◆ **INSTRUCTIONS FOR THE TASK**:
With the pictures left out, set down the line containing "hight resolution of" and each line after it to the end of the material, exactly as written.

◆ **SUPPLIED INFORMATION**:
-- Opening Marker --
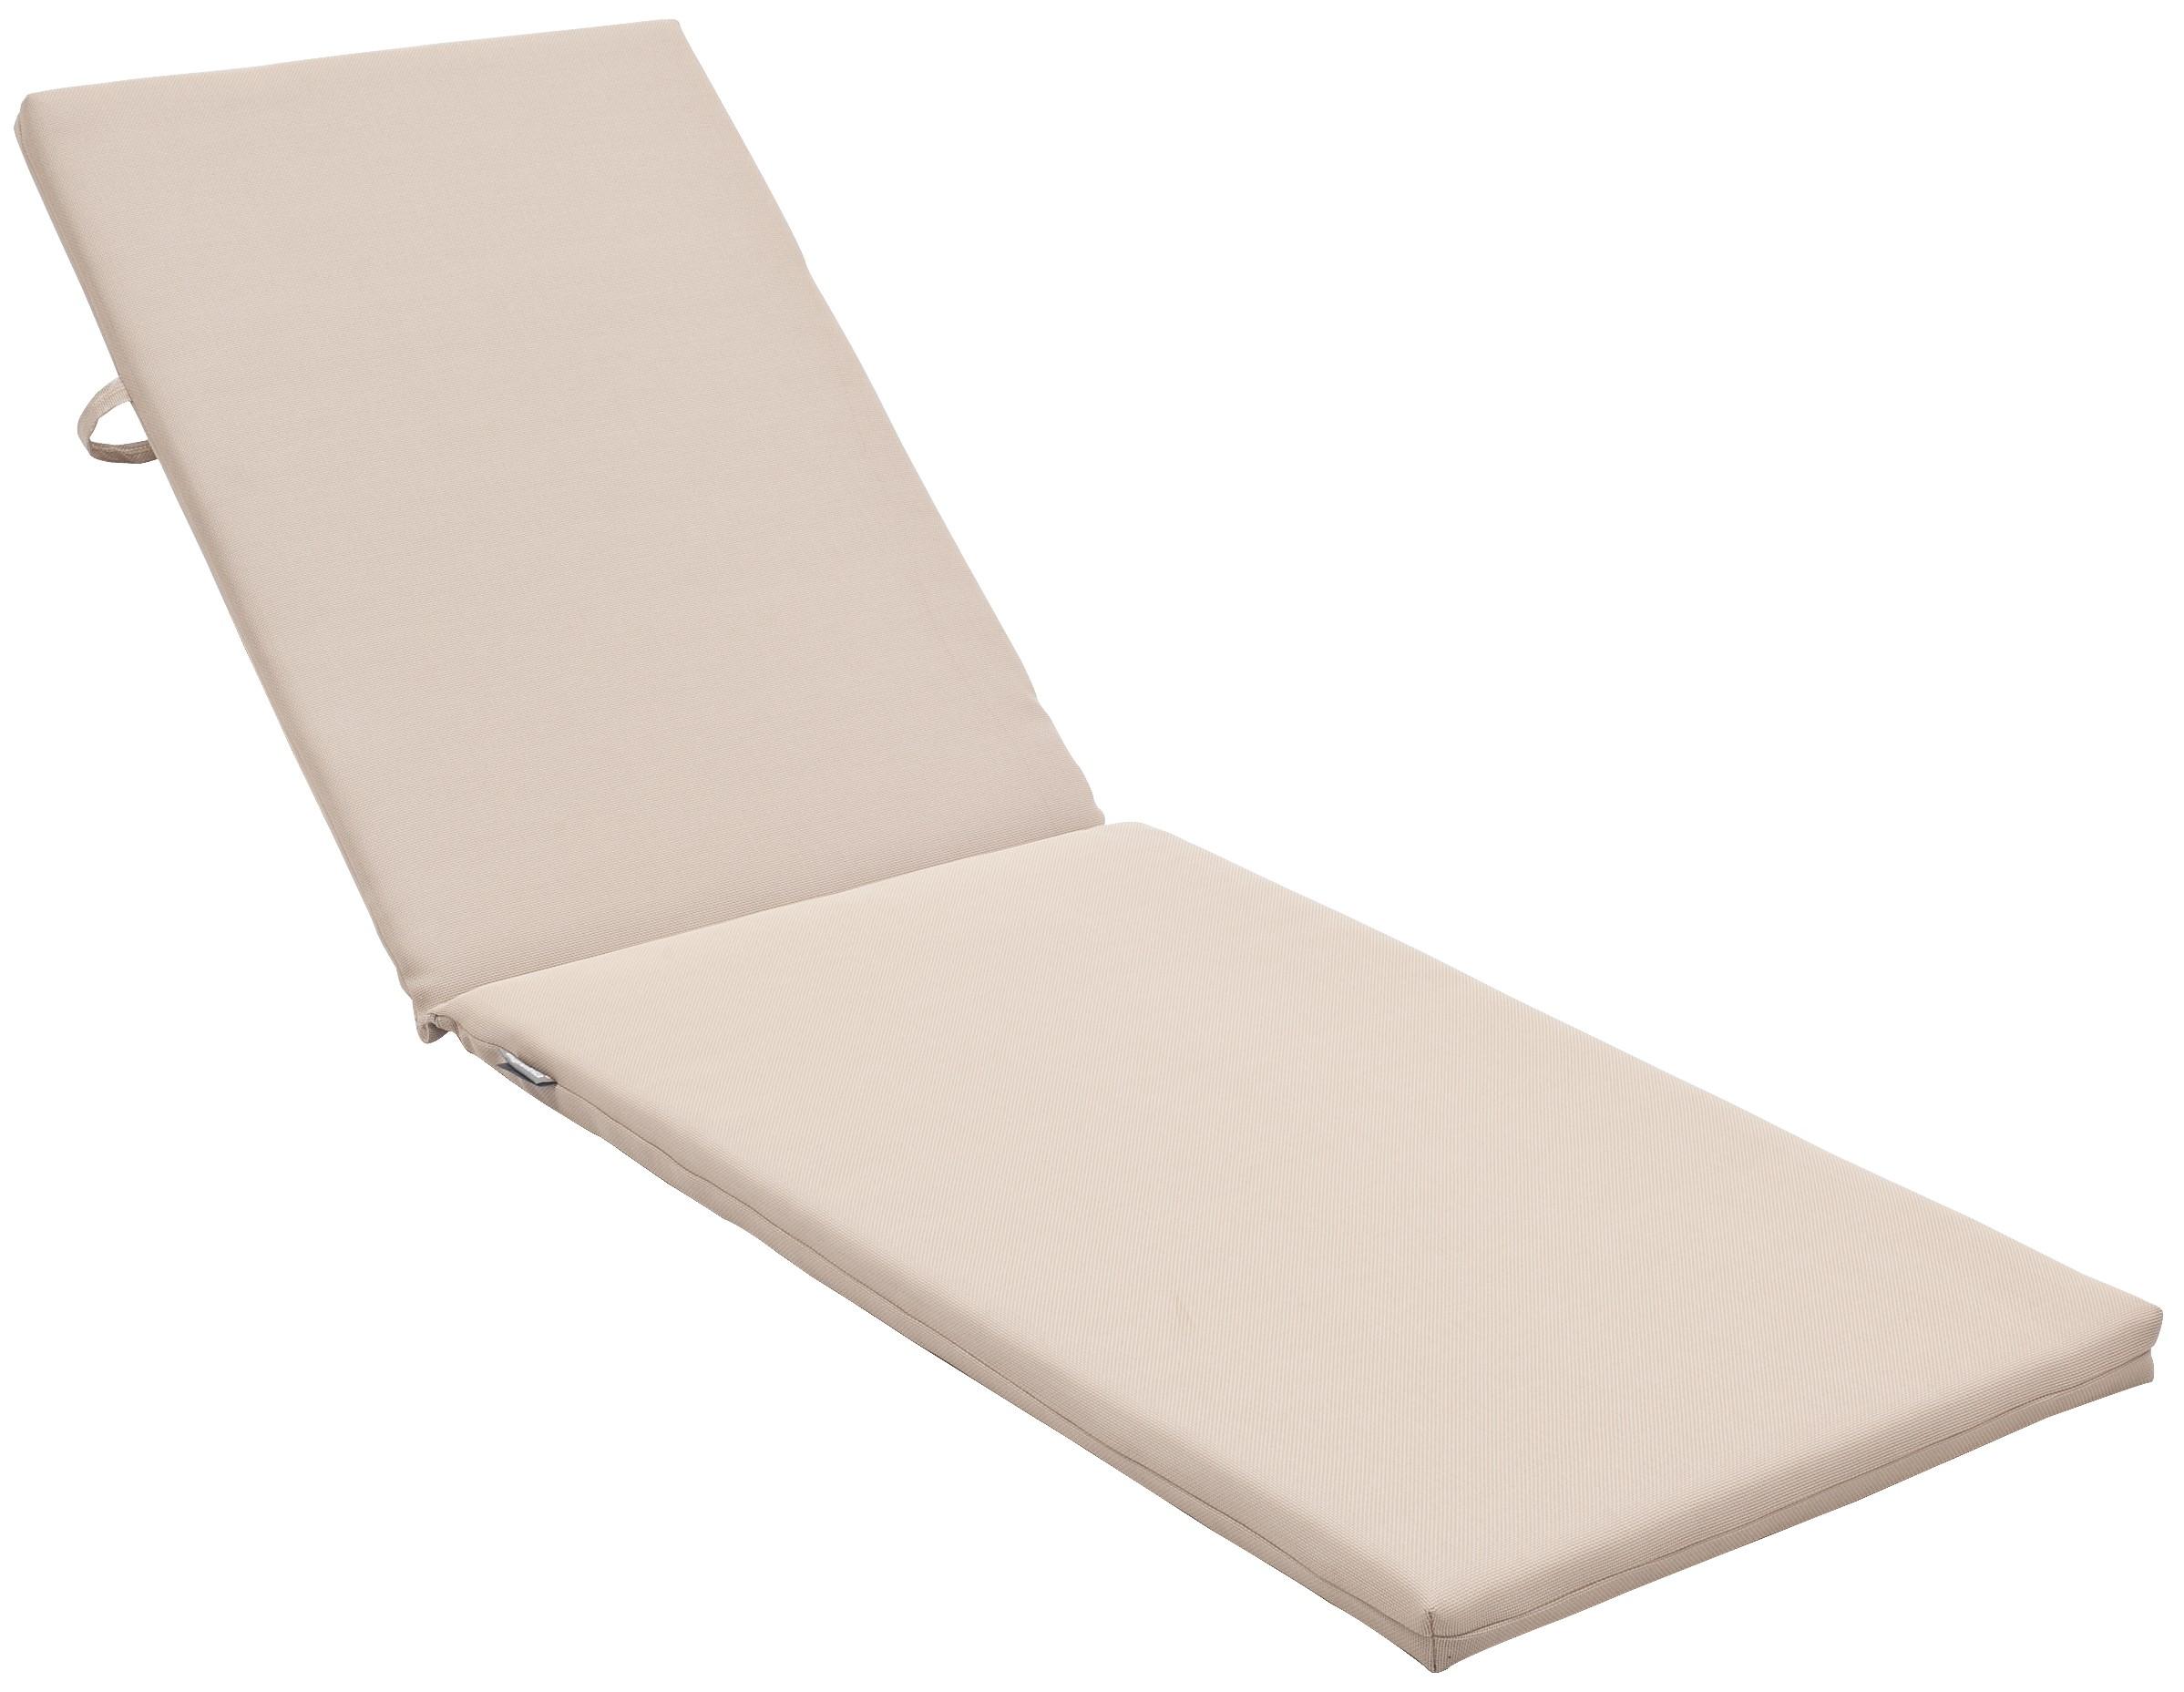 Lounge Ezpeleta Cojín beige  Marrones Textiline
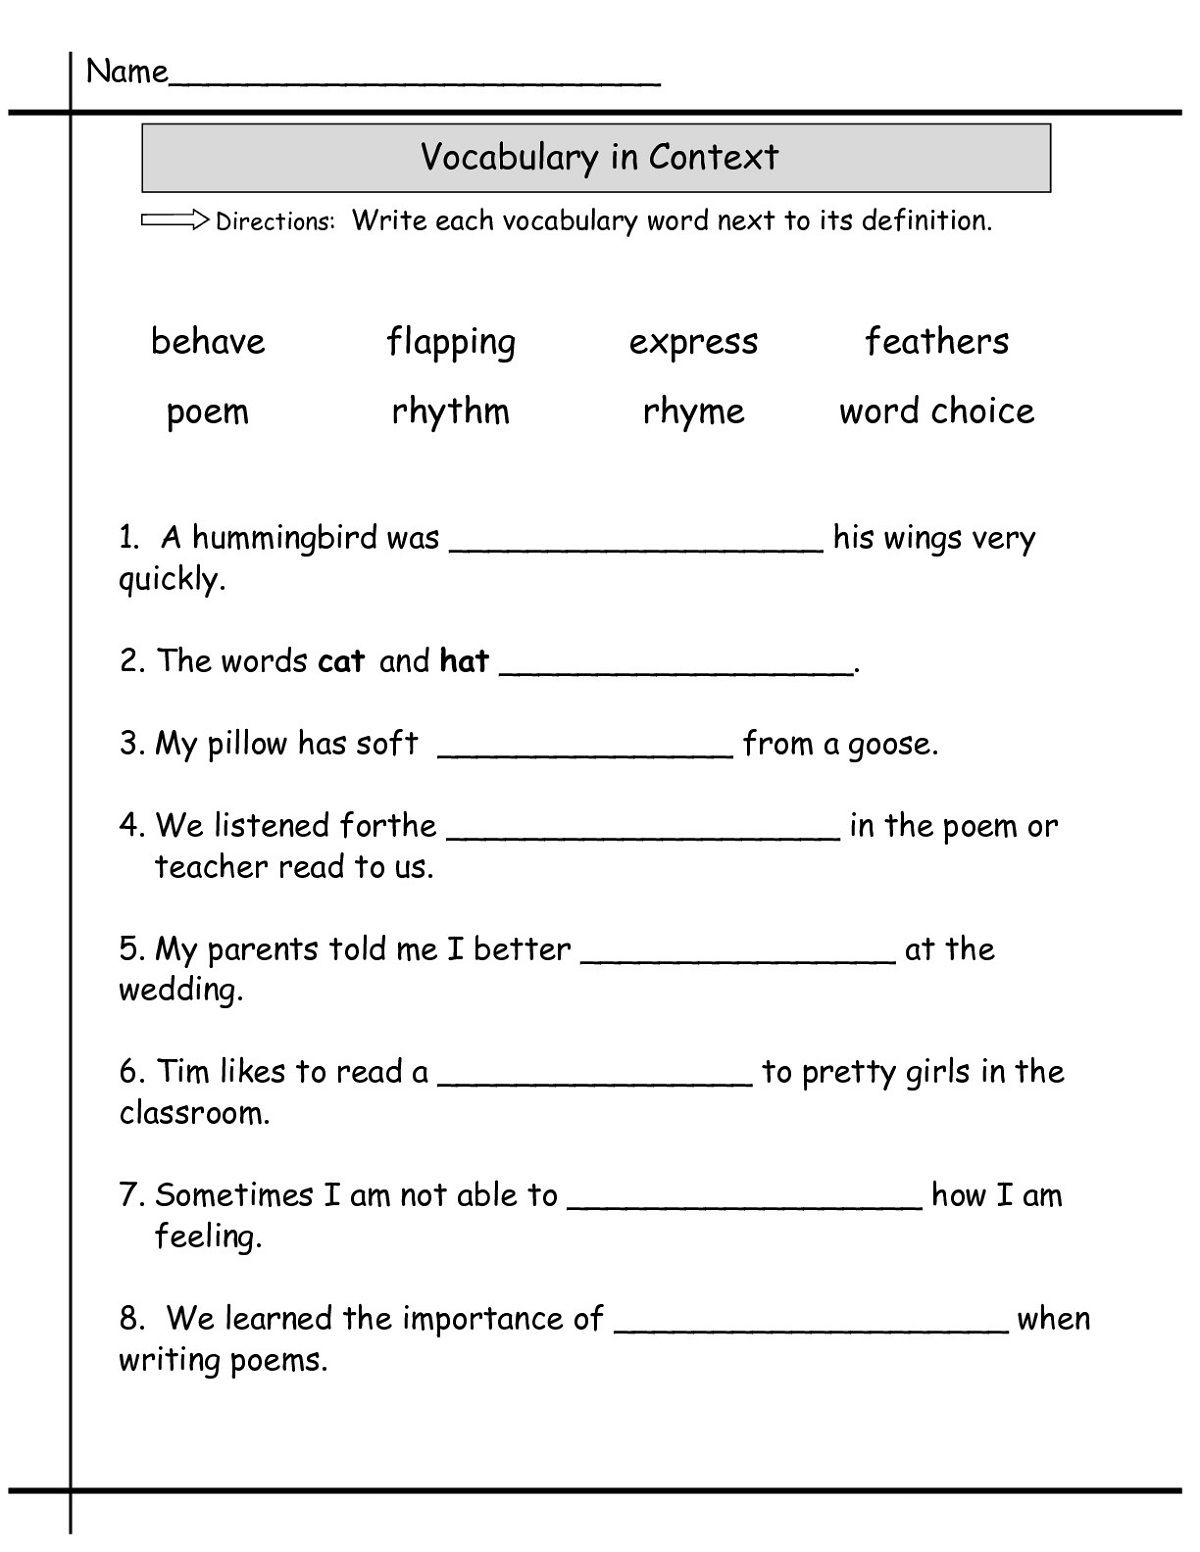 hight resolution of https://dubaikhalifas.com/free-english-grammar-worksheet-for-class-2-finest-worksheet/
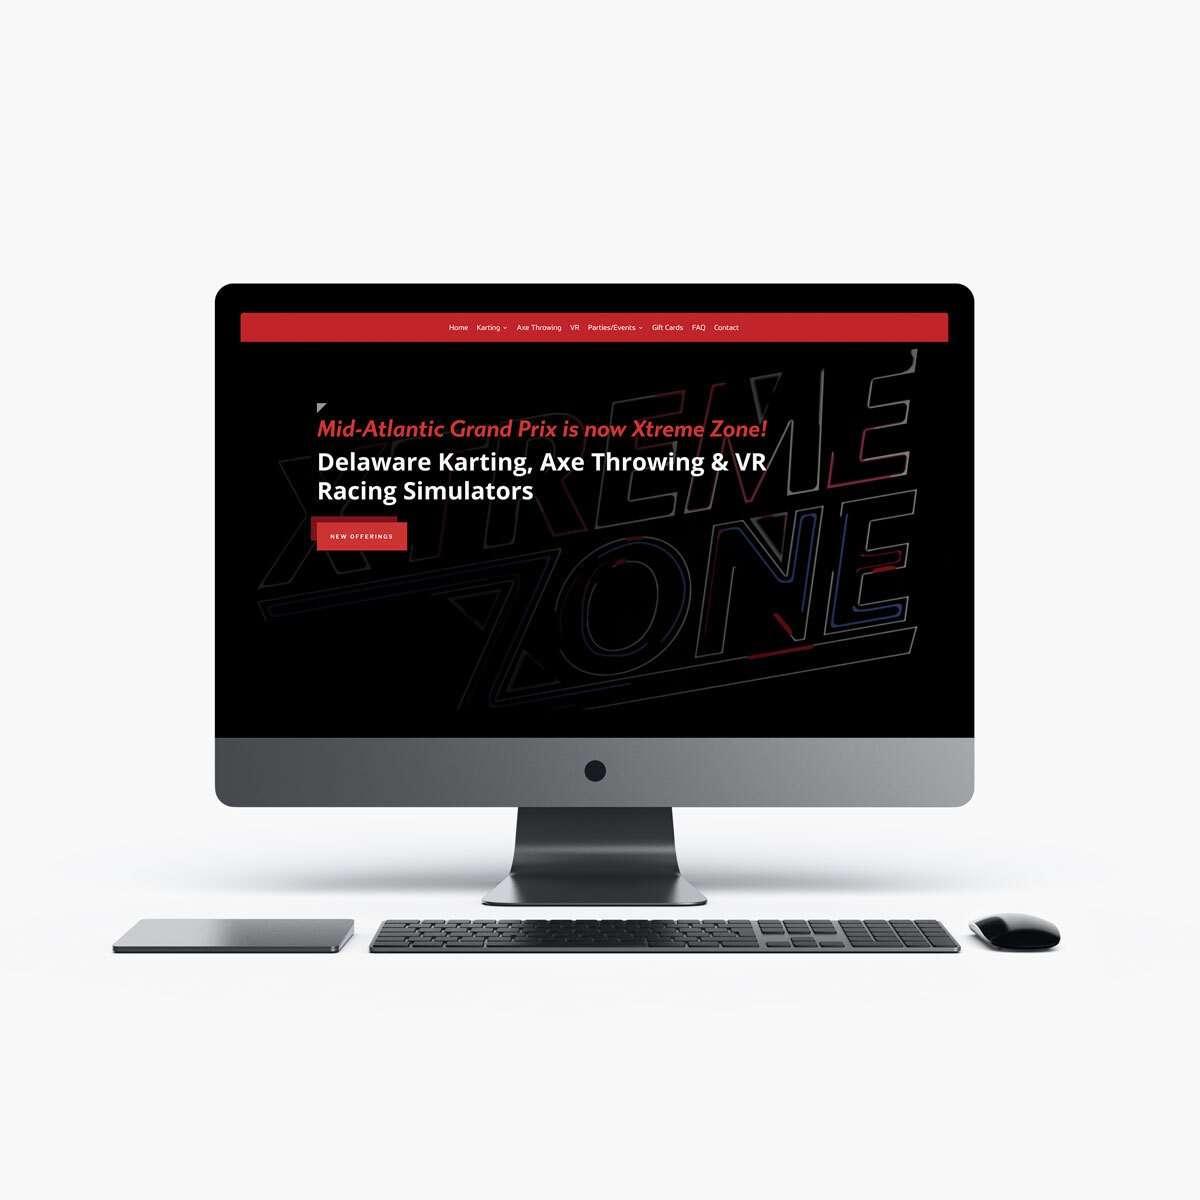 Xtreme Zone Web Design by BrandSwan, a web design company
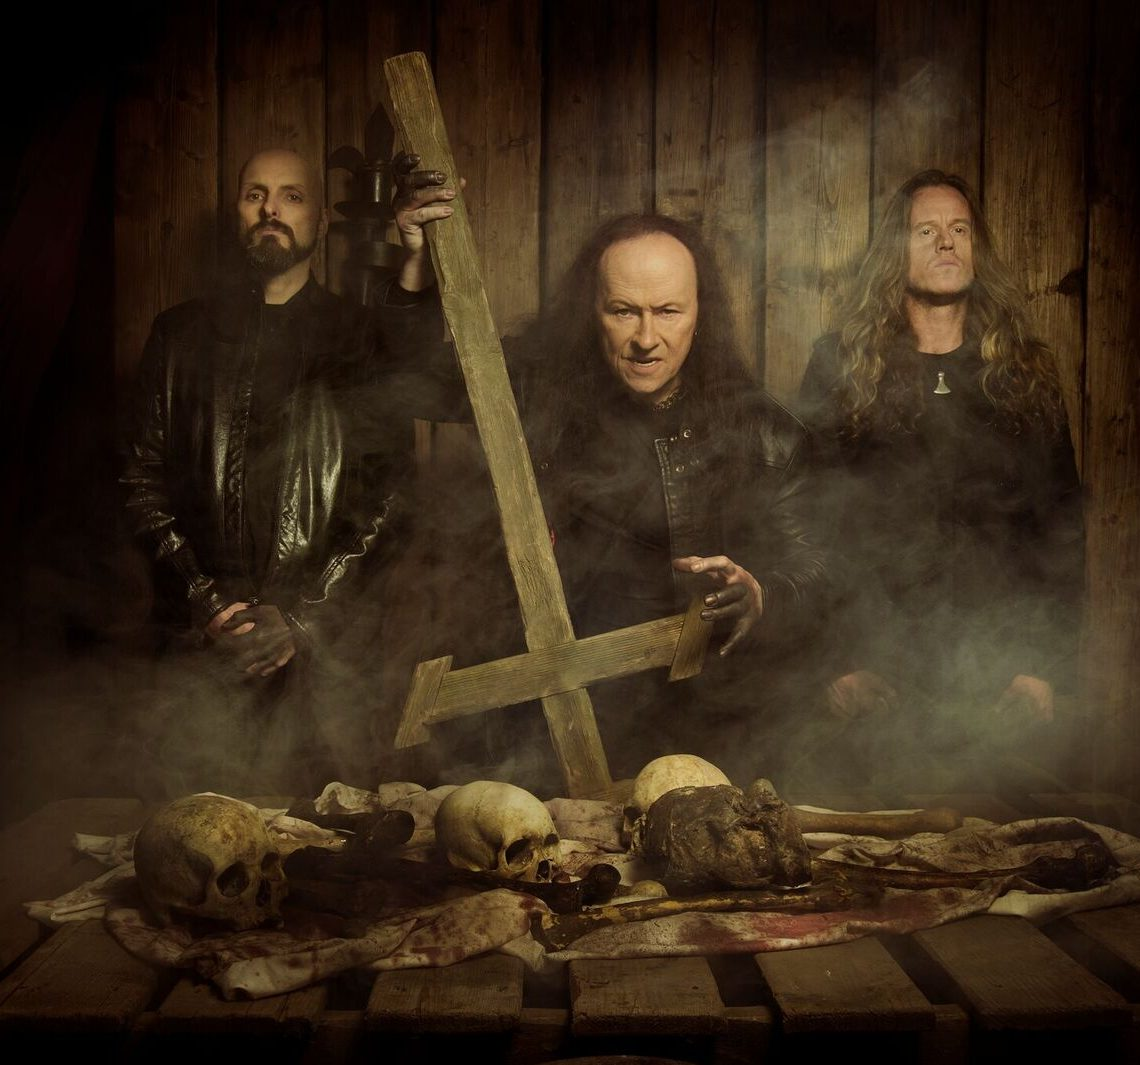 Venom announce 'In Nomine Satanas' – 40th Anniversary deluxe vinyl boxset released May 31st Via BMG Records
-- Closing Marker --
◆ **EXERCISE SOLUTION**:
 hight resolution of https://dubaikhalifas.com/free-english-grammar-worksheet-for-class-2-finest-worksheet/
 Xtreme Zone Web Design by BrandSwan, a web design company
 Venom announce 'In Nomine Satanas' – 40th Anniversary deluxe vinyl boxset released May 31st Via BMG Records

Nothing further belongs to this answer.